Приезжал один новый русский. Почти что олигарх. Попросили его пожертвовать денег русской школе, он сразу из заднего кармана штуку баксов достал. Учительница испугалась: остальные по пятерке дают. А он говорит: берите, не последние. Леша, конечно, сразу с ним подружился. На день рожденья специально, незваный, приезжал, подарок дарить. "Из уваженья к богатсву скидывая картуз ..."
И как-то все в нем искренне совмещается: безбожный коммунизм и православие; советский патриотизм и дружба с власовцами; приличный достаток и лизоблюдство перед большими деньгами. Прямо, как в "1984": "Мир - это война, свобода - это рабство, мы всегда воевали с Евразией ...
- А сам-то ты не такой? - спросил друг насмешливо.

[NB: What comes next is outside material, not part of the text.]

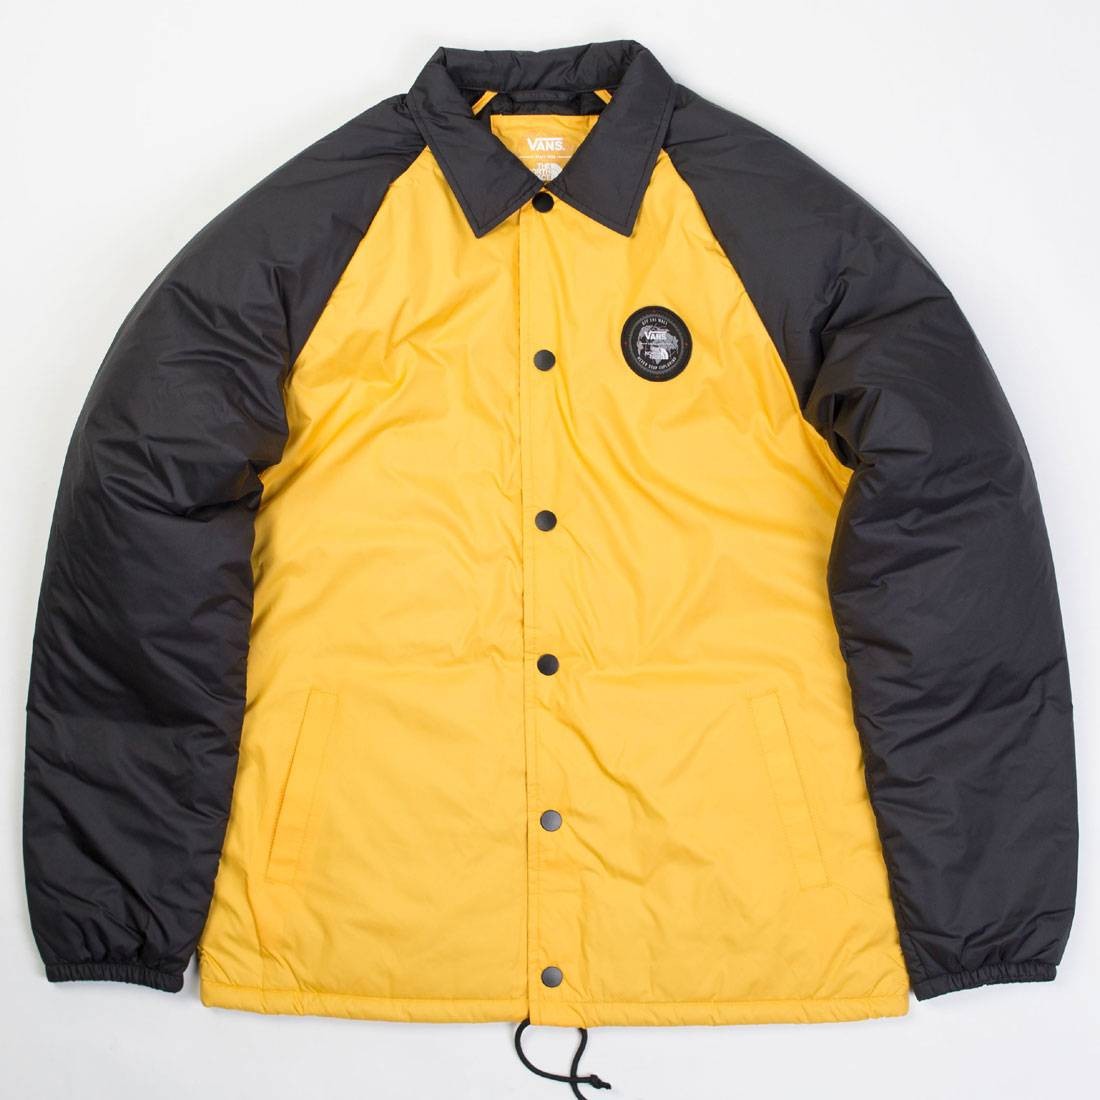 vans torrey jacket yellow
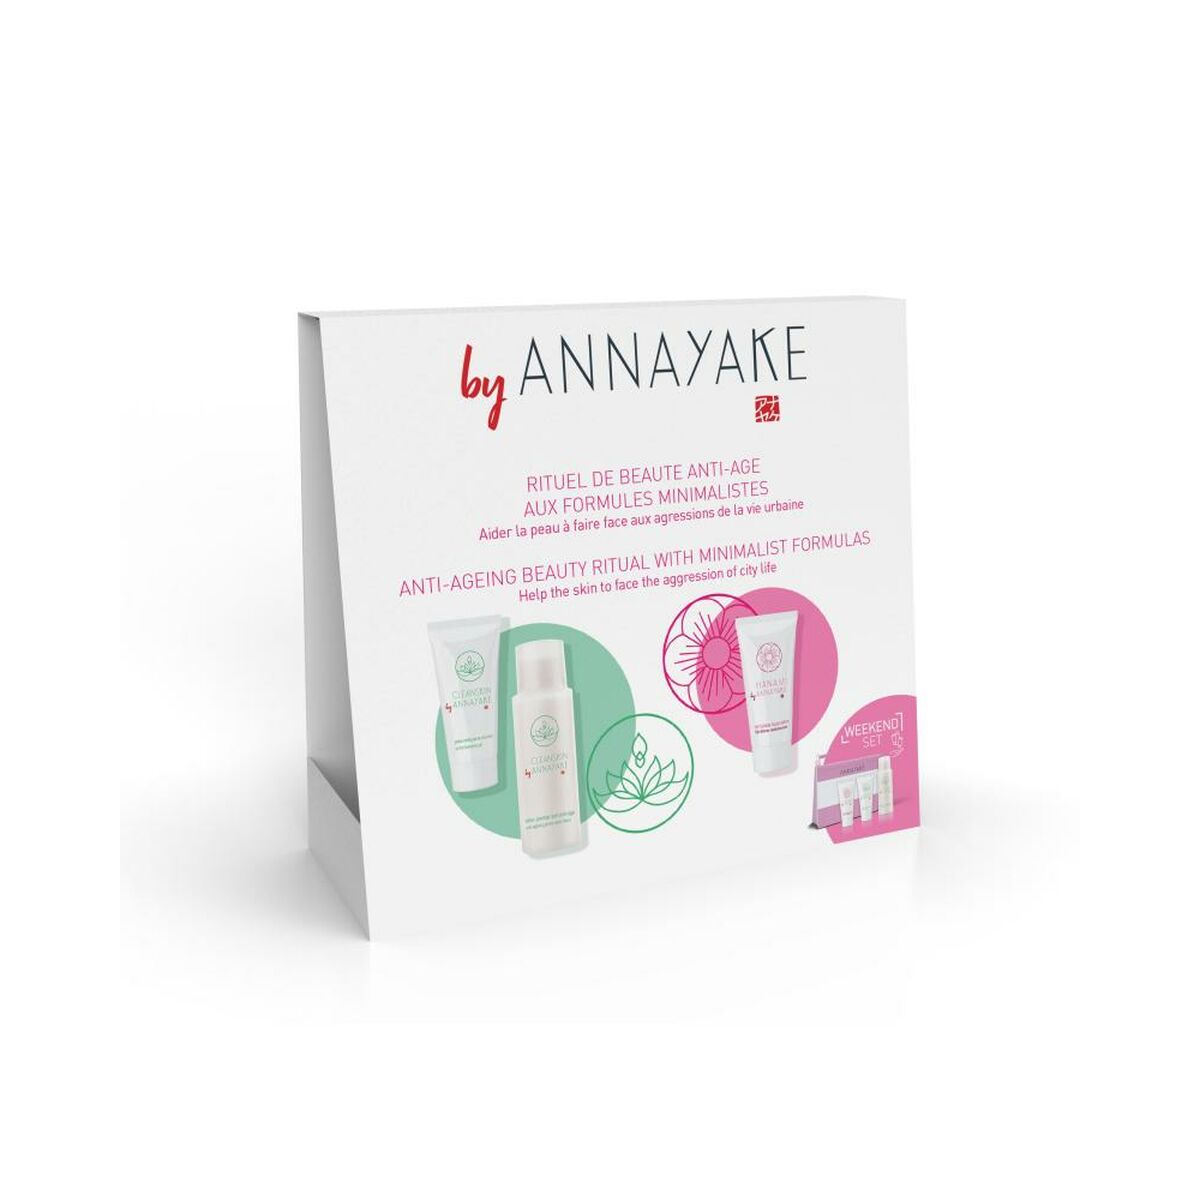 Kaufe Unisex-Kosmetik-Set Annayake Hanami 3 Stk. bei AWK Flagship um € 51.00

- Надеюсь, что нет, - ответил м-р Никто, подумав. - Я не ангел, как ты знаешь. Но я, по крайней мере, знаю, что грешен. Может быть, даже страдаю от этого. А двоемыслие - хорошая вещь, освобождает от совести. Это черное? Не знаю. Может, черное, а может, белое. Ладно, пошли. Двадцать минут осталось.
----------
М-р Никто шел по темной улице. Кое-где ему под ноги на асфальт тротуара летели брызги из автоматических газонных поливалок. Свет полосками падал из окон домов сквозь щели в шторах и ставнях. Впереди, под ярким фонарем, у крыльца старого двухэтажного дома курили и оживленно разговаривали несколько мужчин. Он поднялся по ступенькам и вошел в небольшую прихожую, в которой толпился народ. Никто не обратил на него внимания, только Алексей, выходец из Чили, узнал его и сказал с акцентом:
- Здравствуй, как поживаешь.
- А где хозяин? - спросил его м-р Никто, пожимая протянутую руку.
- Там, - указал Алексей на открытую дверь.
По тесноте, оживленности возгласов, звону посуды где-то в глубине дома м-р Никто почувствовал, что именины в разгаре. Хозяин, отец Стефан, сидел в гостиной за столом, окруженный гостями. Он был одет не по-праздничному, в черную длинную рясу, поверх которой на груди висел большой медный крест. Длинные седые волосы, белая борода и усы обрамляли красноватое лицо с крупным носом и пухлыми губами.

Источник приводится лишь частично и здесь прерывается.